• _Work required_:
An exact copy of all the data is required, with pictures left out.

Recorded information: Begin

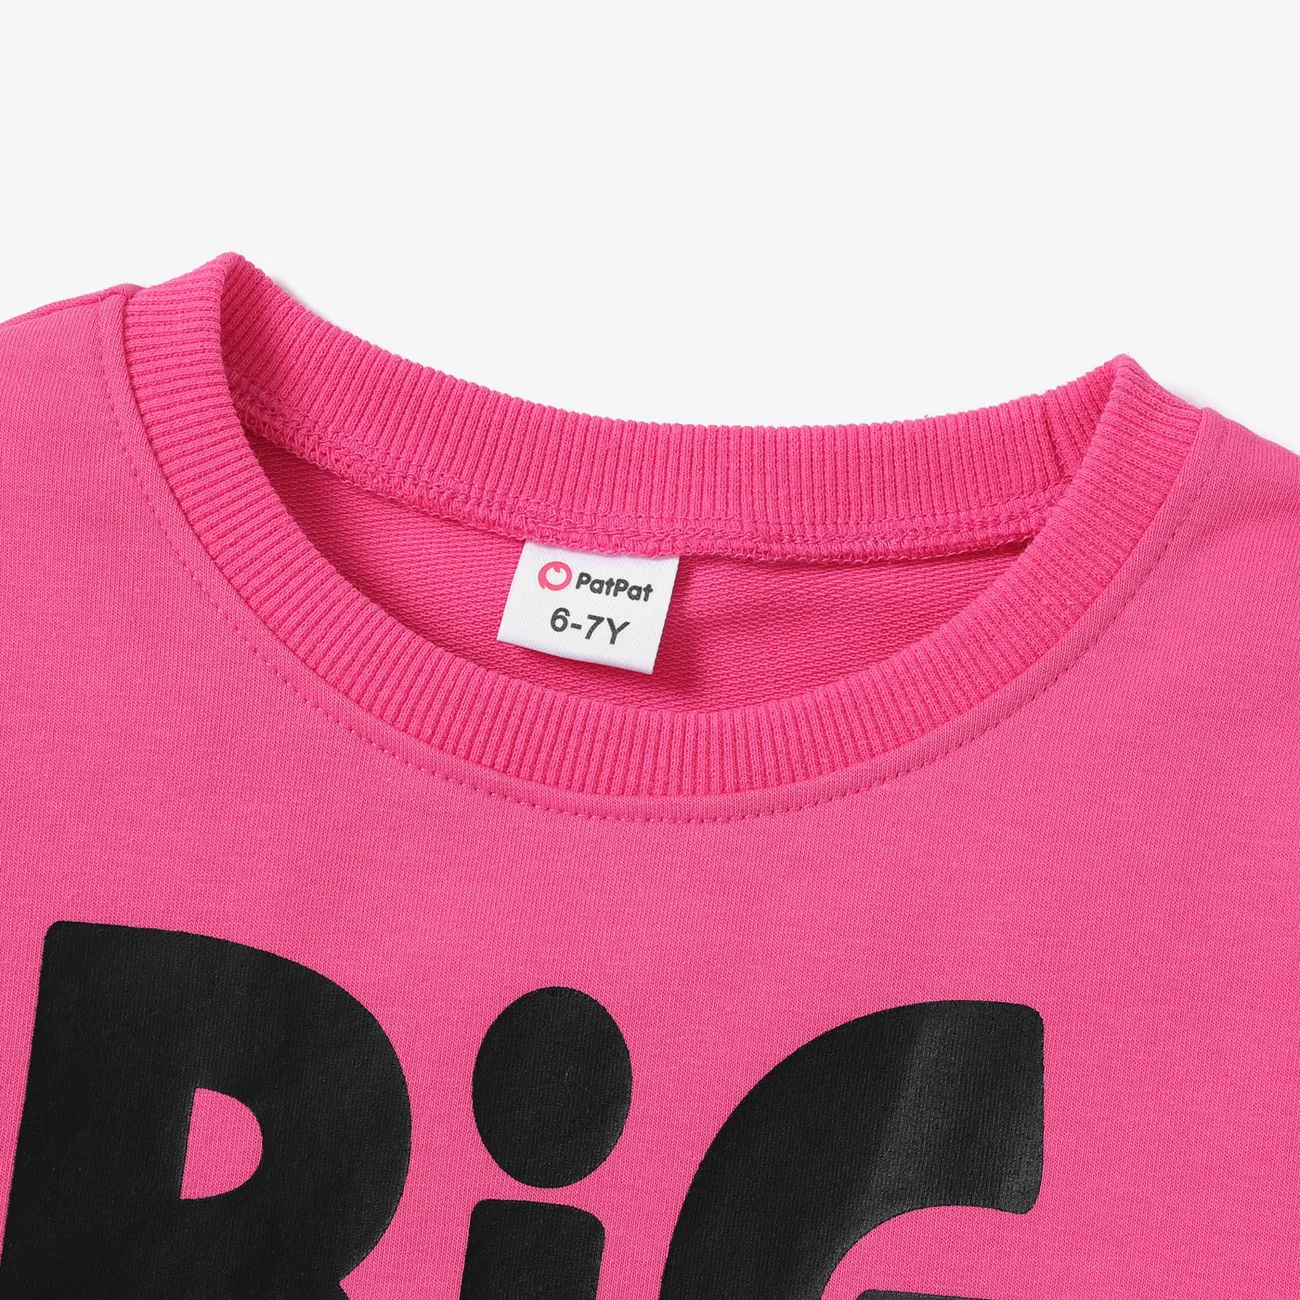 Enfants Fille Lettre Pull Sweat-shirt Rose Vif big image 1
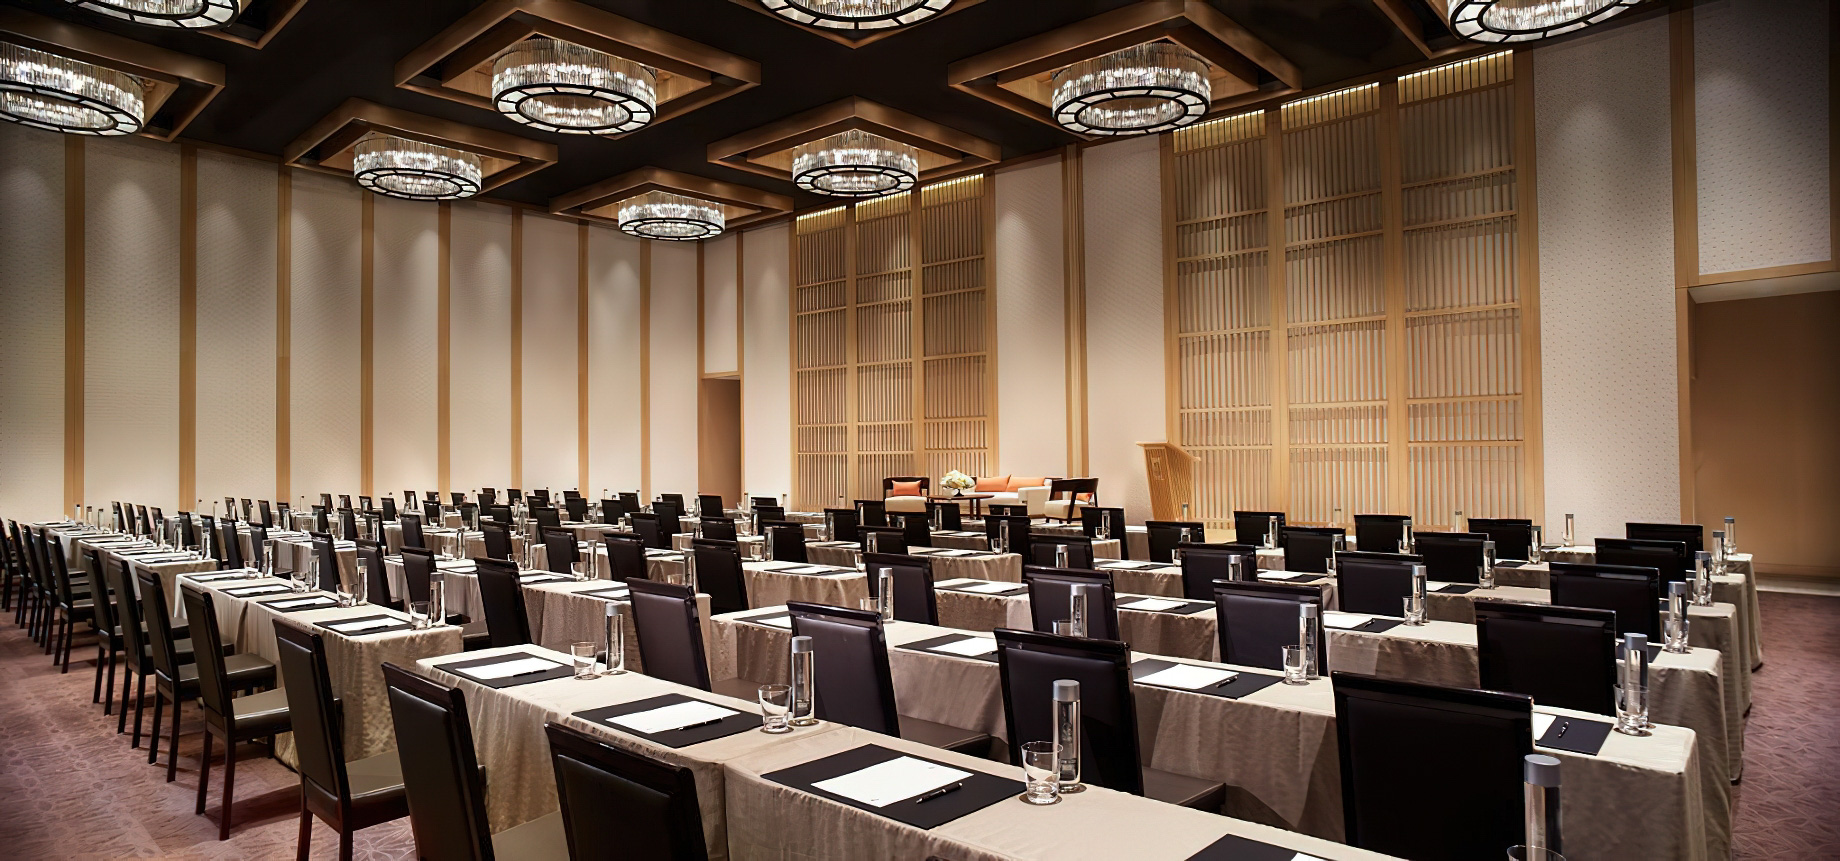 The Ritz-Carlton, Kyoto Hotel – Nakagyo Ward, Kyoto, Japan – Banquet Room Classroom Setup
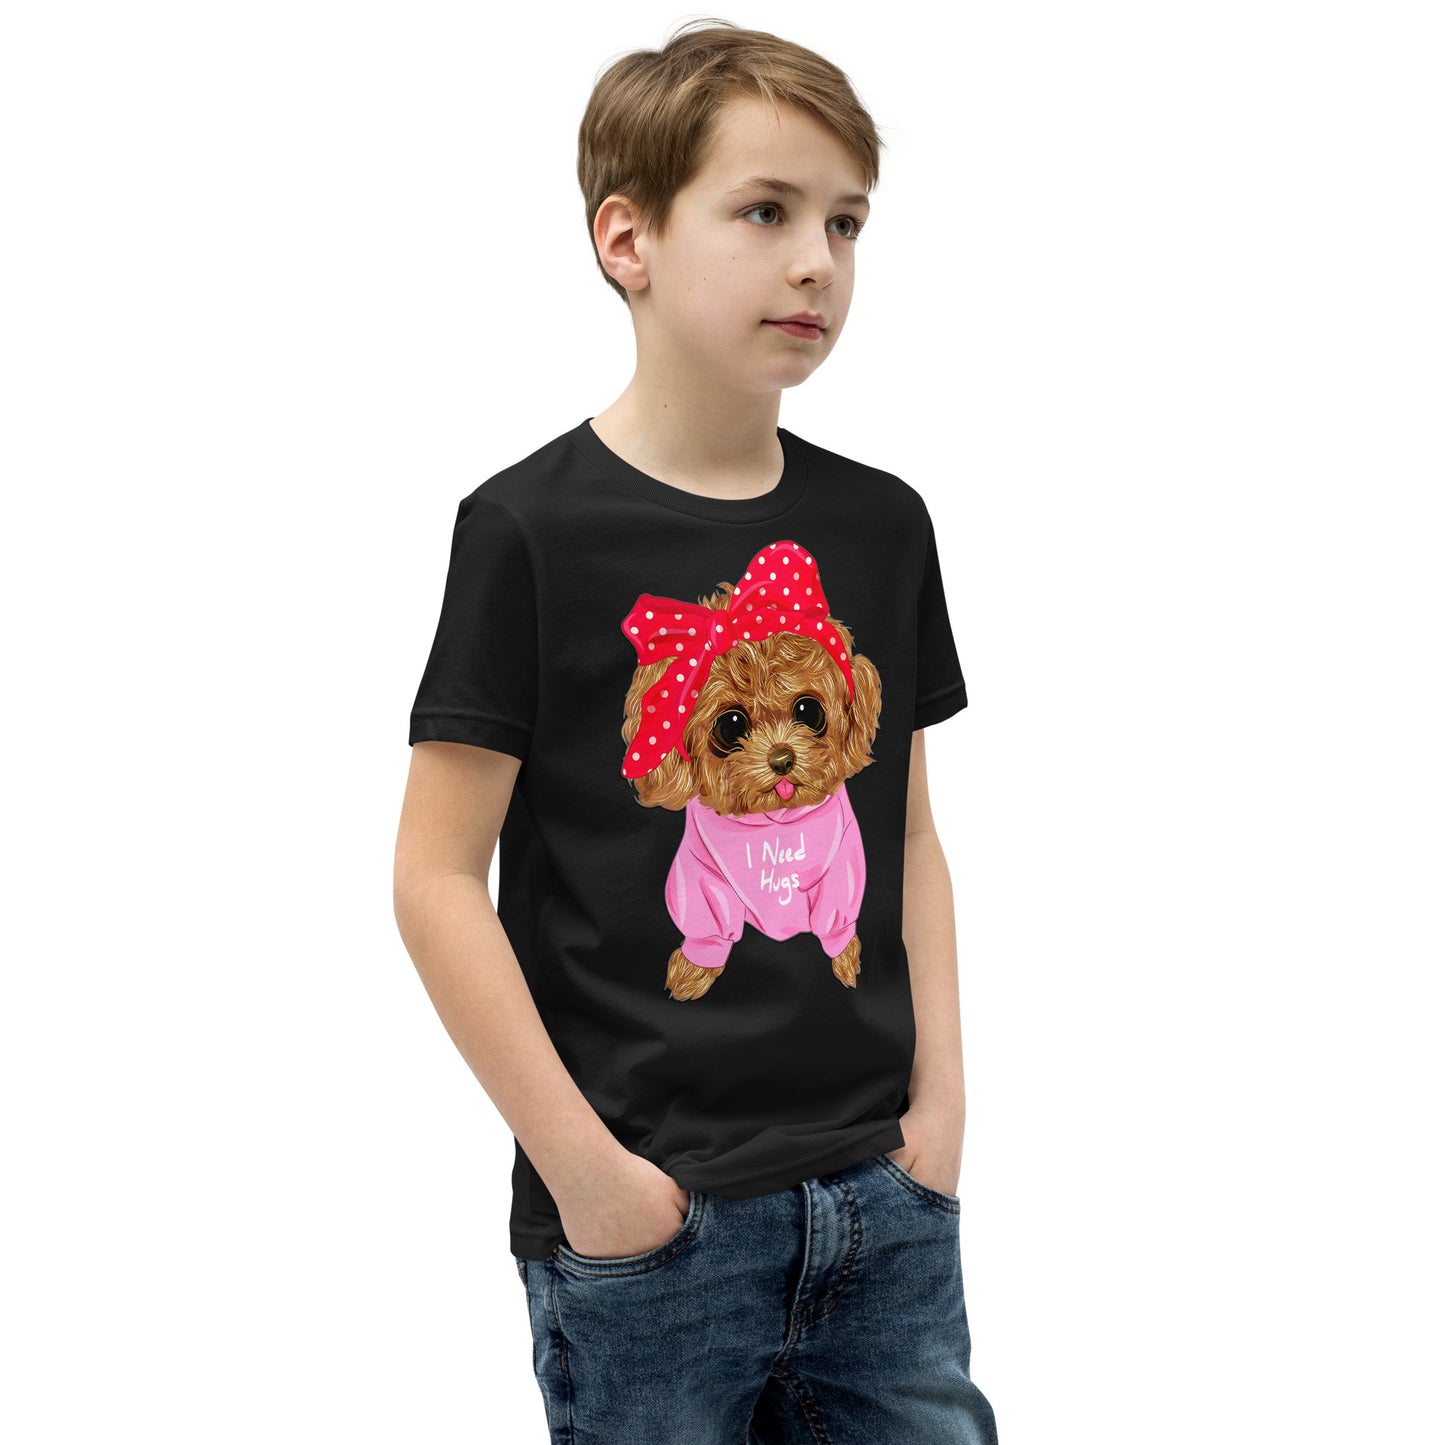 Cute Dog Puppy Needs a Hug T-shirt, No. 0296
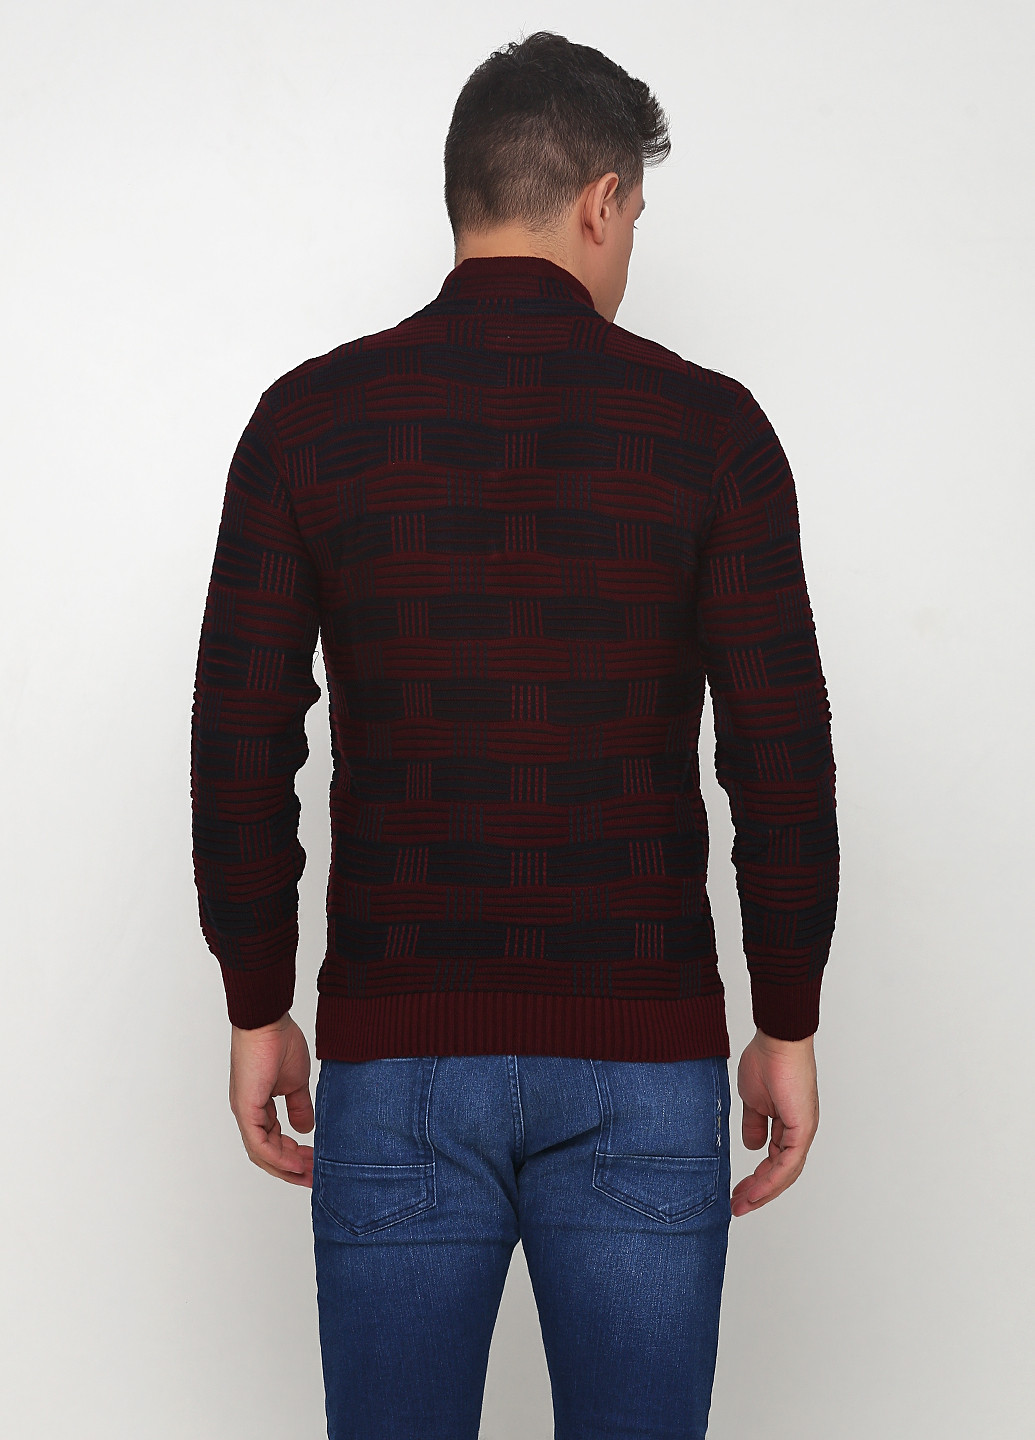 Бордовый демисезонный пуловер пуловер Renas

Recorded information: End

• _Response box_:
 Enfants Fille Lettre Pull Sweat-shirt Rose Vif big image 1
 The Ritz-Carlton, Kyoto Hotel – Nakagyo Ward, Kyoto, Japan – Banquet Room Classroom Setup
 Cute Dog Puppy Needs a Hug T-shirt, No. 0296
 Бордовый демисезонный пуловер пуловер Renas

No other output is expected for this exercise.